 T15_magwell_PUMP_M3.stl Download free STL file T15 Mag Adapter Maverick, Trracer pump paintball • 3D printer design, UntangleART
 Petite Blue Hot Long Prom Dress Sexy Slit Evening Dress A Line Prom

.....

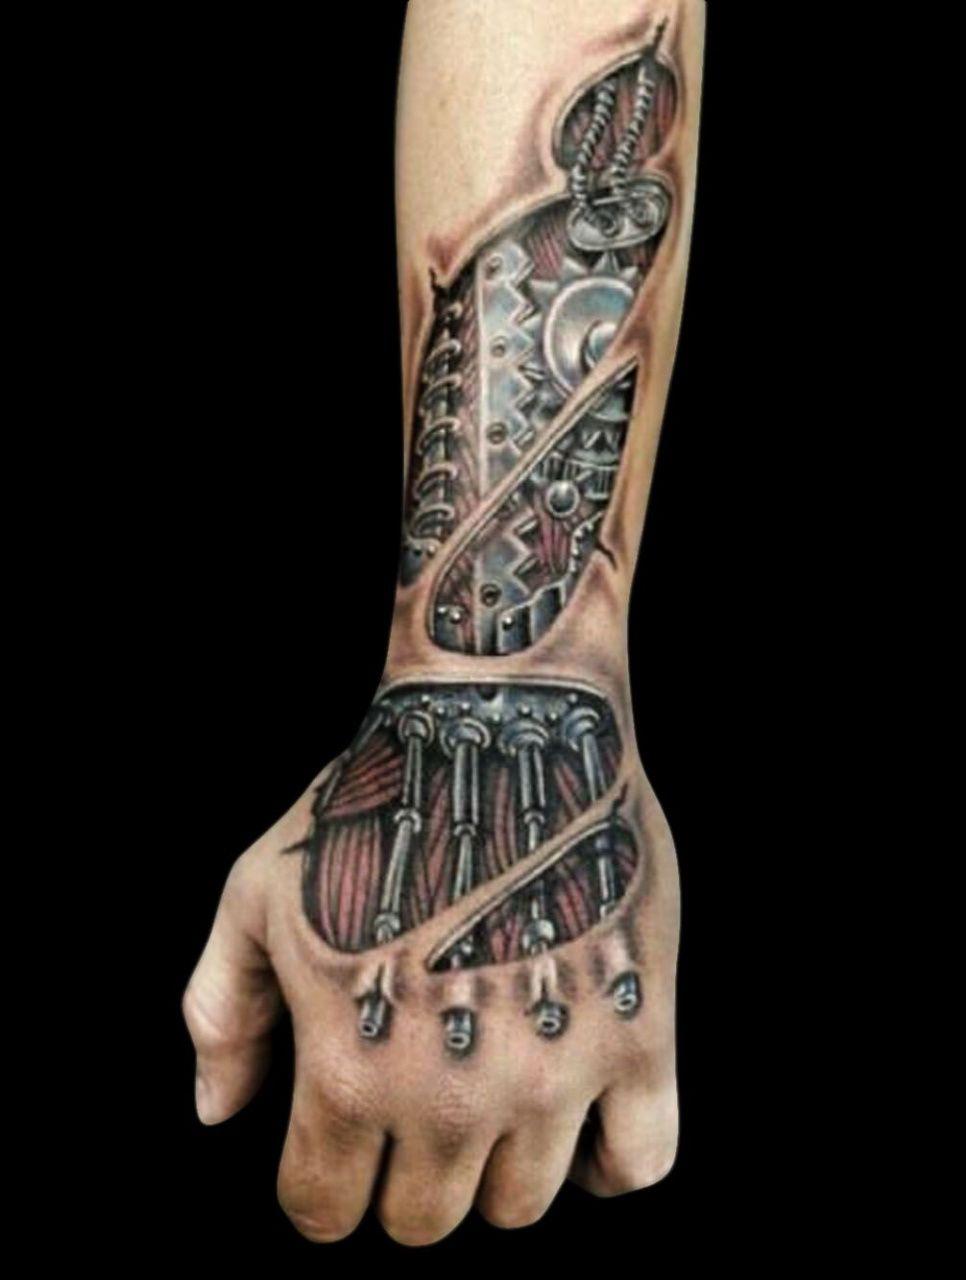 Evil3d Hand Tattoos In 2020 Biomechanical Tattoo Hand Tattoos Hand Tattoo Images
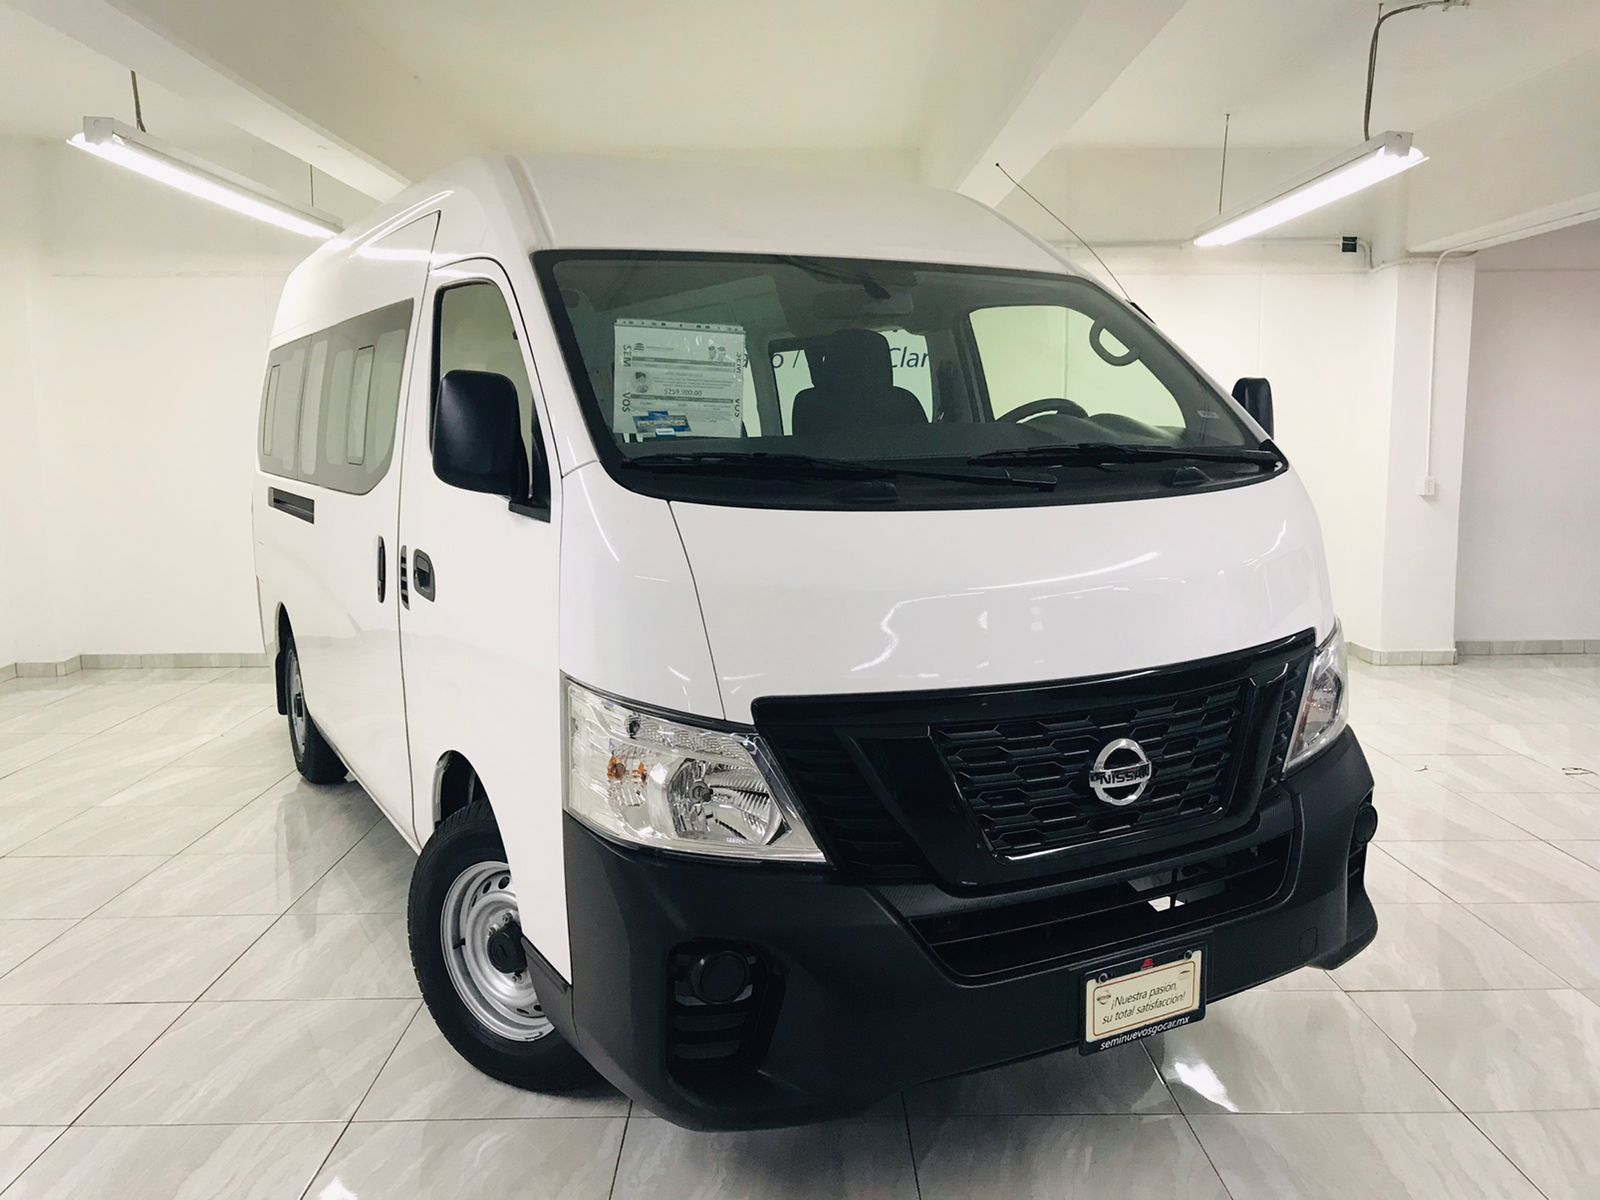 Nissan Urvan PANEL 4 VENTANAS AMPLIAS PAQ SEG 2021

.....

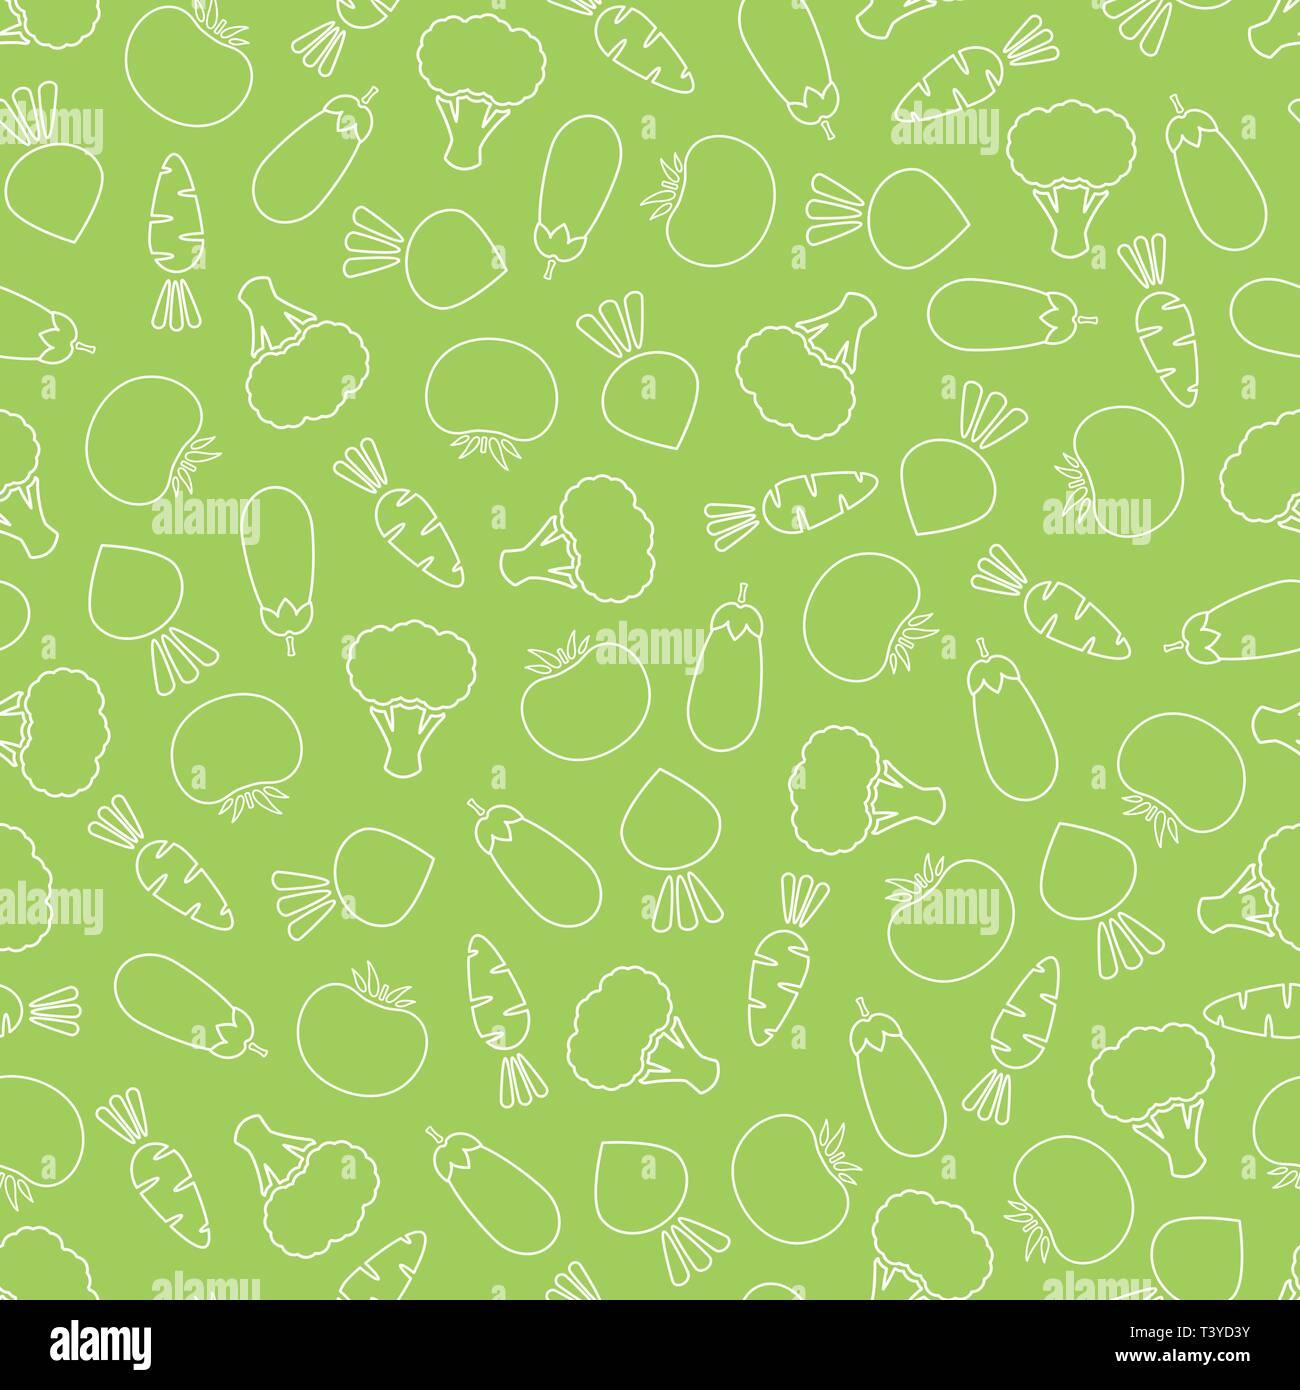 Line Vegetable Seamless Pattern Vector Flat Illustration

.....

EXERCISE DIRECTIONS> Above are the records; from them, give again exactly the lines from the one containing "T15_magwell_PUMP_M3.stl Download free" to the one containing "Petite Blue Hot", both lines included, and nothing more.

RESULT OF THIS TASK>
 T15_magwell_PUMP_M3.stl Download free STL file T15 Mag Adapter Maverick, Trracer pump paintball • 3D printer design, UntangleART
 Petite Blue Hot Long Prom Dress Sexy Slit Evening Dress A Line Prom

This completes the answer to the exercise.